Tommy Garrett

Personal information
- Full name: Thomas Garrett
- Date of birth: 28 February 1926
- Place of birth: South Shields, England
- Date of death: 16 April 2006 (aged 80)
- Place of death: Wallsend, Australia
- Position: Defender

Senior career*
- Years: Team / Apps / (Gls)
- 1946–1961: Blackpool / 308 / (3)
- 1961–1962: Millwall / 12 / (0)
- 1962–1963: Fleetwood / 39 / (0)
- 1963–1964: Wigan Athletic
- 1964: Mayfield United
- Total:  / 359 / (3)

International career
- 1952–1953: England / 3 / (0)

= Tommy Garrett (footballer) =

English footballer

Thomas Garrett (28 February 1926 – 16 April 2006) was an English professional footballer. He represented his country on three occasions.

==Career==
Garrett was a miner playing for Horden Colliery when Blackpool signed him as a 16-year-old in 1942, initially as a forward. It was as a full-back, however, that he established himself – and as a "footballing" defender, who preferred to pass his way out of trouble rather than kicking it downfield. He also spent hours practising heading the ball.

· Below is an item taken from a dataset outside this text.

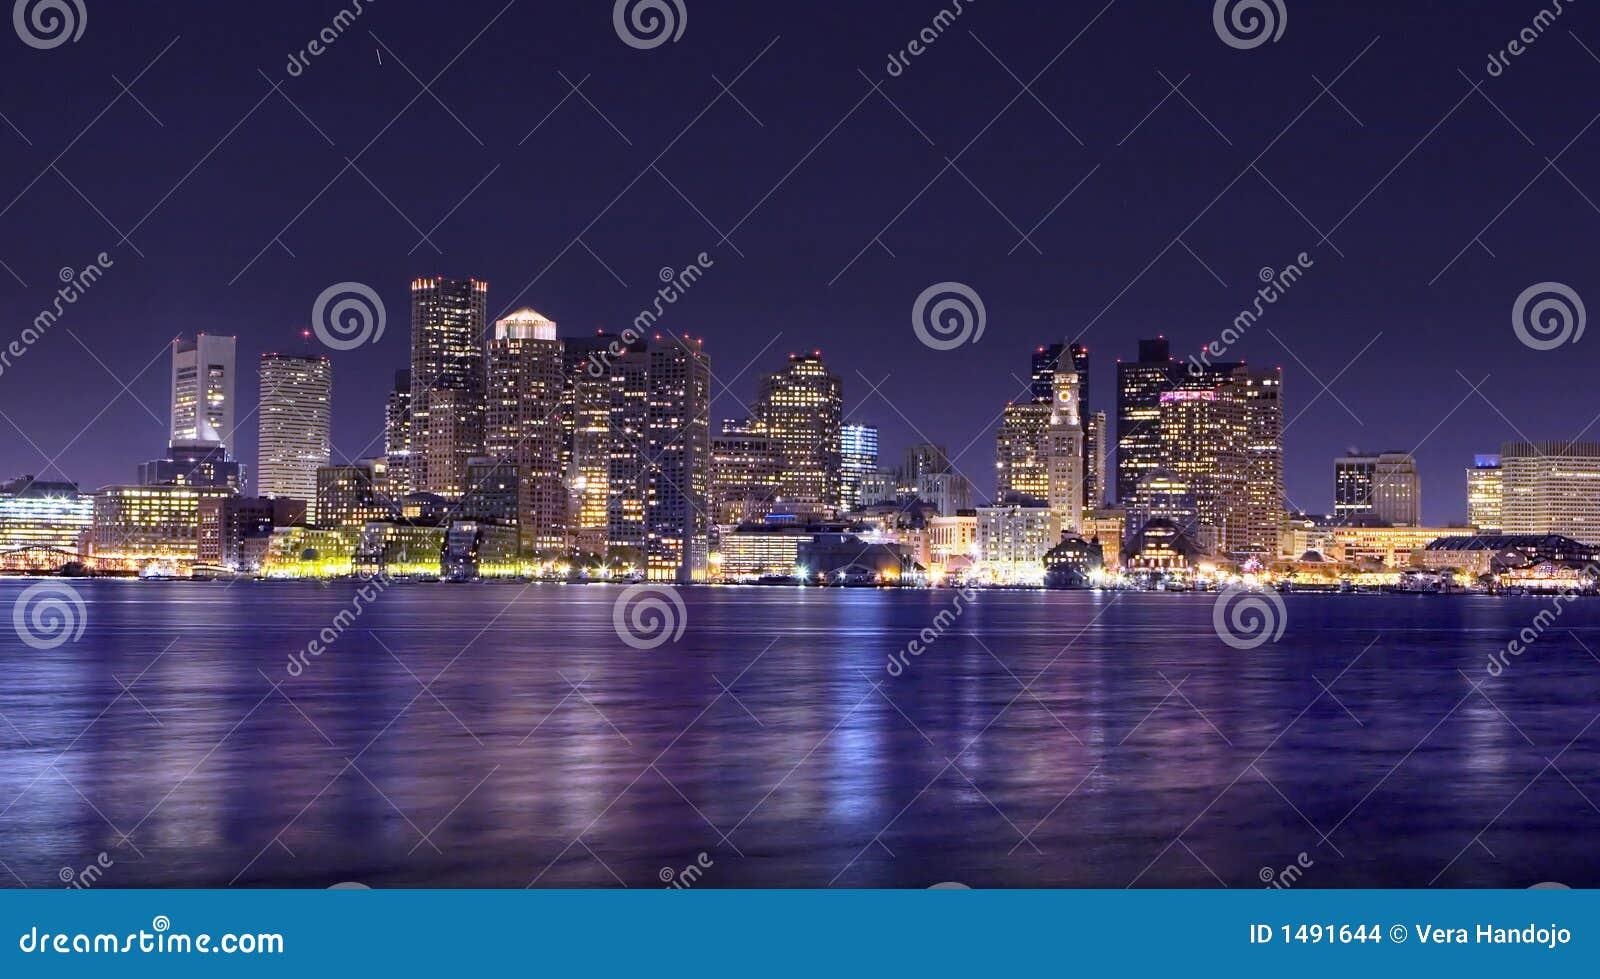 Panorama de la noche de Boston

Garrett made his debut for the Seasiders on 29 March 1948, in a single-goal defeat at Derby County. He did not become a regular in the side until Ron Suart left for Blackburn Rovers in 1949.

The 1950s are the most successful decade in Blackpool's history to date. Garrett would be at the club playing top division football throughout, as would goalkeeper George Farm, fellow defender Hugh Kelly, right winger Stanley Matthews, forward Jackie Mudie and outside left Bill Perry.

He could perform equally well on either flank, and played in both the 1951 and 1953 FA Cup Finals, appearing in the latter with a broken nose sustained a week beforehand. It was during this period of his career that he gained his England caps, partnering Alf Ramsey. He made his international debut against Scotland on 5 April 1952.

After 14 years with Blackpool, Garrett joined Millwall on a free transfer in May 1961, making a dozen appearances for the Lions before retiring from the professional game and joining Fleetwood. He then played for a short time in Australia, with Mayfield United, and eventually settled there.

==Death==
He died on 16 April 2006 in Wallsend, New South Wales.